Plaintiff also complains that he should not have been placed in the general population but should have been housed in a medical wing. However, as explained to Plaintiff in response to a grievance filed by him, his unit (C1) was the most accessible unit for people in wheelchairs. Pl. Exhibits p. 14. He was further instructed not to attempt to get up on his own but to ask an officer for assistance. Pl. Exhibits p. 14. This also fails to rise to the level of deliberate indifference.

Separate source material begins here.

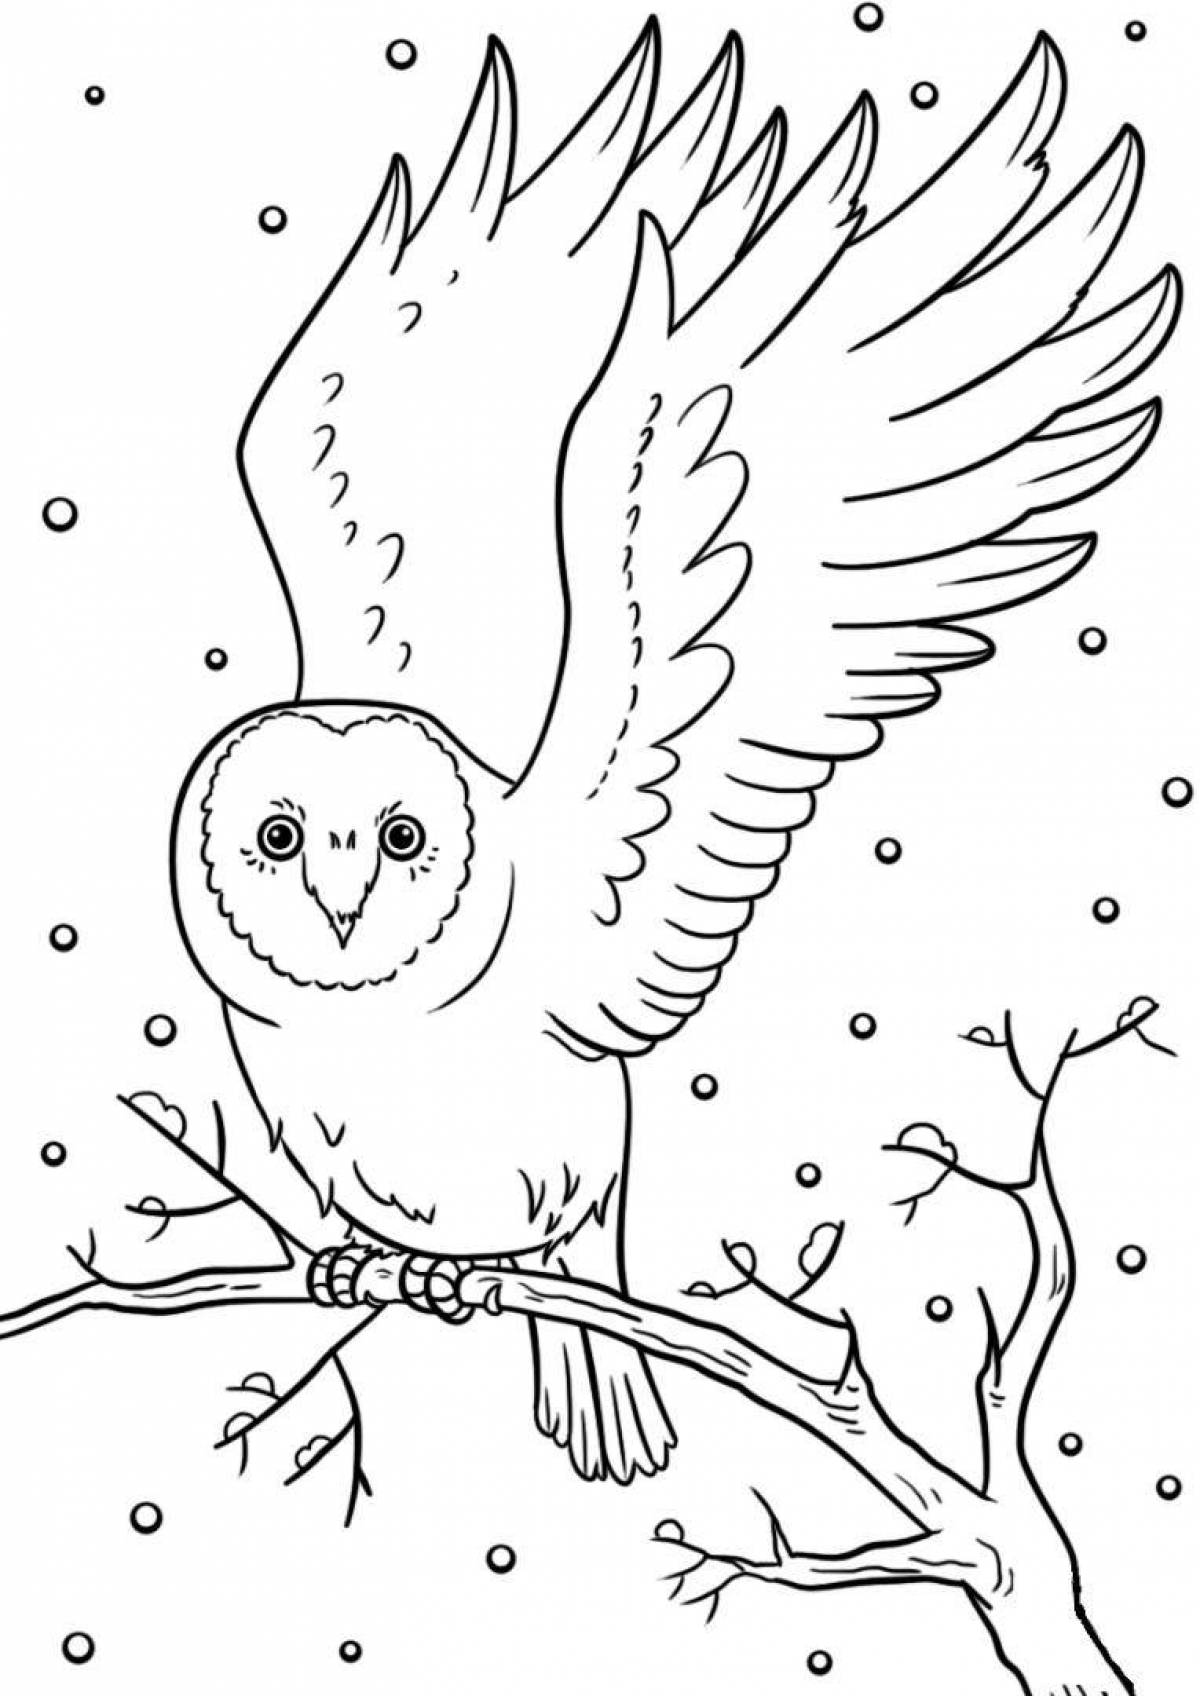 Outstanding winter bird coloring book for 2-3 year olds

In sum, Plaintiff fails to show that Dr. Bush's treatment of Plaintiff was so "grossly incompetent, inadequate, or excessive as to shock the conscience or to be intolerable to fundamental fairness." Miltier, 896 F.2d at 85. As such, his claim against Dr. Bush fails as well, and summary judgment is appropriate.

IV. CONCLUSION

For the reasons discussed above, it is recommended that Defendants Southern Health Partners, Inc. (SHP) and Charles A. Bush, M.D.'s Motion for Summary Judgment (ECF No. 115) be granted, that the remaining claims be dismissed pursuant to Rule 41(b) for failure to prosecute, and this case be dismissed in its entirety.

Notice of Right to File Objections to Report and Recommendation

The parties are advised that they may file specific written objections to this Report and Recommendation with the District Judge. Objections must specifically identify the portions of the Report and Recommendation to which objections are made and the basis for such objections. "[I]n the absence of a timely filed objection, a district court need not conduct a de novo review, but instead must `only satisfy itself that there is no clear error on the face of the record in order to accept the recommendation.'" Diamond v. Colonial Life & Acc. Ins. Co., 416 F.3d 310 (4th Cir. 2005) (quoting Fed. R. Civ. P. 72 advisory committee's note).

Specific written objections must be filed within fourteen (14) days of the date of service of this Report and Recommendation. 28 U.S.C. § 636(b)(1); Fed. R. Civ. P. 72(b); see Fed. R. Civ. P. 6(a), (d). Filing by mail pursuant to Federal Rule of Civil Procedure 5 may be accomplished by mailing objections to:

Robin L. Blume, Clerk United States District Court Post Office Box 2317 Florence, South Carolina 29503

Failure to timely file specific written objections to this Report and Recommendation will result in waiver of the right to appeal from a judgment of the District Court based upon such Recommendation. 28 U.S.C. § 636(b)(1); Thomas v. Arn, 474 U.S. 140 (1985); Wright v. Collins, 766 F.2d 841 (4th Cir. 1985); United States v. Schronce, 727 F.2d 91 (4th Cir. 1984).

FootNotes


1. The U.S. Marshal's Service was unable to serve Defendant Micallet based on the information provided by Plaintiff and, upon attempted service, it learned that Defendant Collins is deceased. See Summonses Unexecuted (ECF Nos. 100, 102). For the same reasons discussed herein, any claims against these two nurses, had they been served, would fail. See also Fed.R.Civ.P. 4(m); Fed.R.Civ.P. 25(a).
2. The page numbers for Plaintiff's medical records refer to the page numbers in the ECF header.
3. It does not appear that Plaintiff was treated for any injury to his knee as a result of the car accident. Bush Aff. ¶ 7.
4. Even after the increased therapy, however, Plaintiff showed minimal improvement.